Adevărul Holding
- Industry: Media
- Founder: Dinu Patriciu
- Headquarters: Bucharest, Romania
- Key people: Răzvan Corneţeanu (General Director) Adrian Halpert (Editing Director)
- Products: Adevărul, Adevărul Literar şi Artistic, Blik, Click!, Dilema Veche, Dilemateca, Foreign Policy Romania

= Adevărul Holding =

Adevărul Holding is a media joint stock company founded by Romanian businessman and politician Dinu Patriciu and named after its main publication, the daily newspaper Adevărul. In 2012 the company was sold to Romanian millionaire Cristian Burci. It currently owns newspapers and magazines, and has a television license. In addition to its main trademark Adevărul, its cultural supplement Adevărul Literar şi Artistic and other related media, the holding owns the daily tabloid Click!, the cultural weekly Dilema Veche and its sister magazine Dilemateca, the international policy magazine Foreign Policy Romania, and the Romanian edition of Forbes magazine. Adevărul Holding also owns Blik, a tabloid published in Ukraine.
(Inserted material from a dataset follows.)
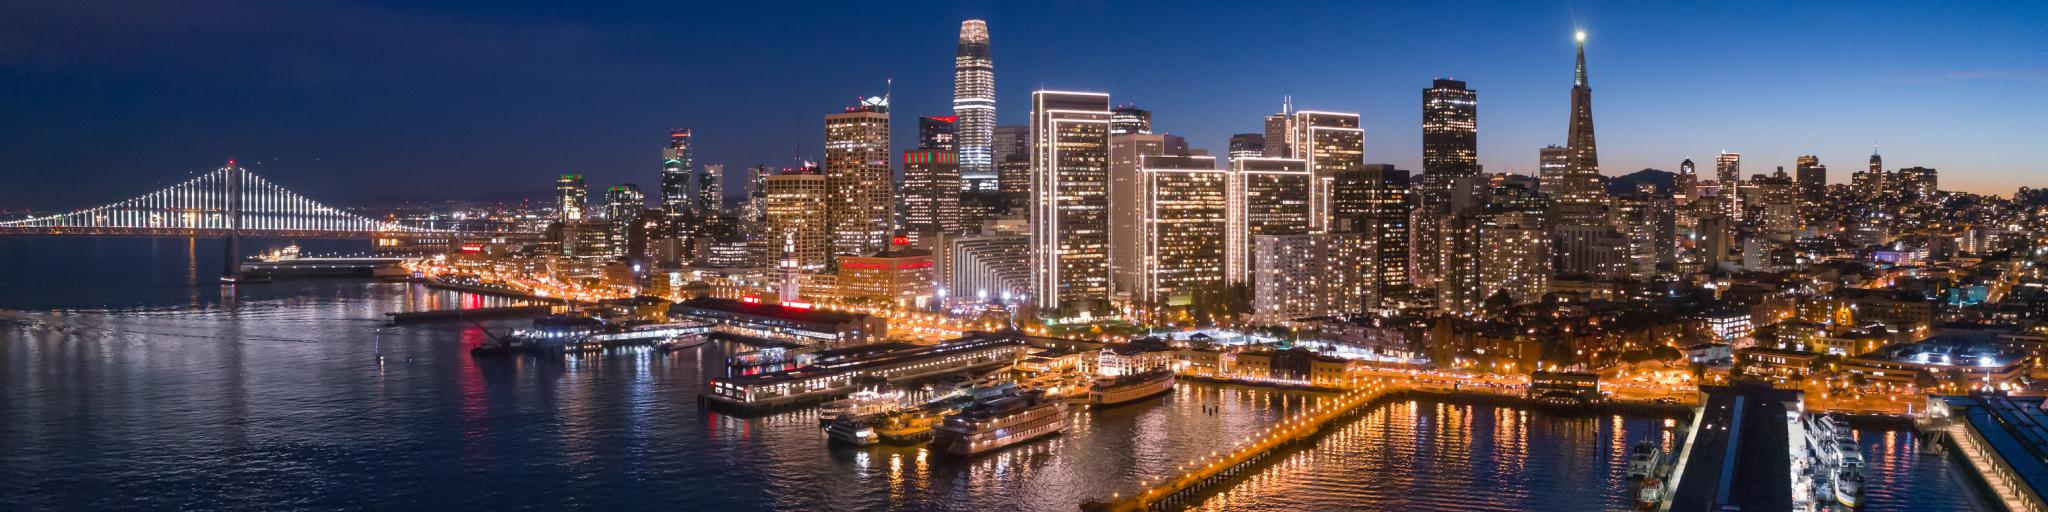 Panoramic evening view of San Francisco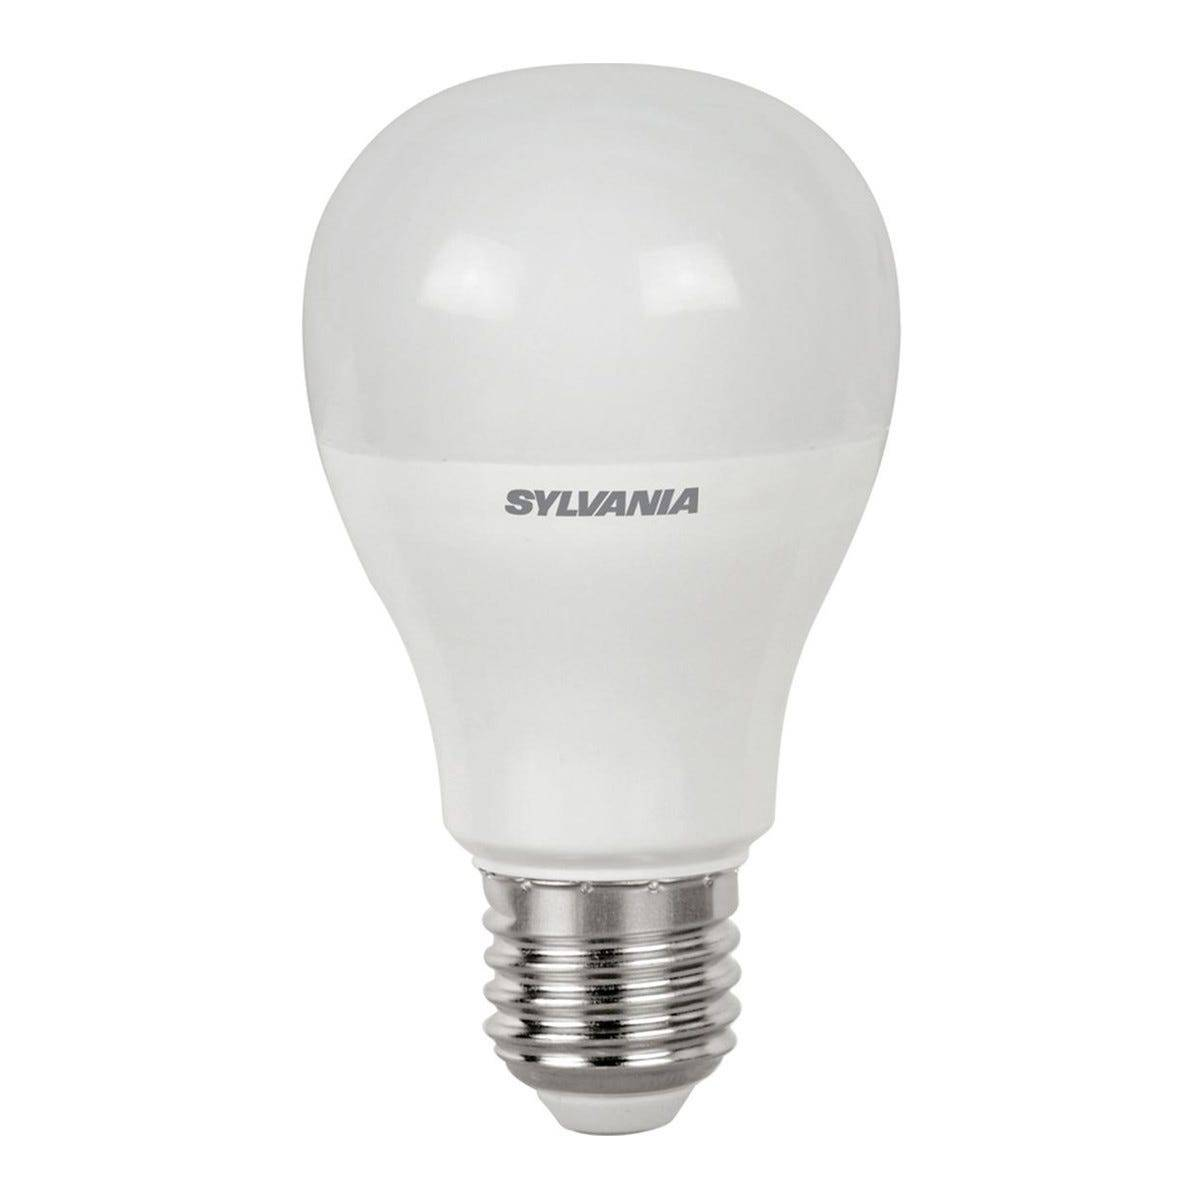 feilo_sylvania lampadina sylvania led goccia e27 11w=80w 1150 lumen 6500k luce fredda dimmerabile

Adevarul Holding was founded in 5 september 2006 by ROMPETROL HOLDING S.A, with Dan Costache Patriciu being elected as a director. It has since entered insolvency in 2012, and is currently in the process of being reorganized.

The company closed down operations of the Romanian edition of Forbes in 2012 amidst Patriciu's efforts to sell Adevărul Holding to Cristian Burci.

== Financials ==
The company financials, updated as of 2022, based on the reports submitted by ADEVARUL HOLDING S.R.L. to the ministry of finance.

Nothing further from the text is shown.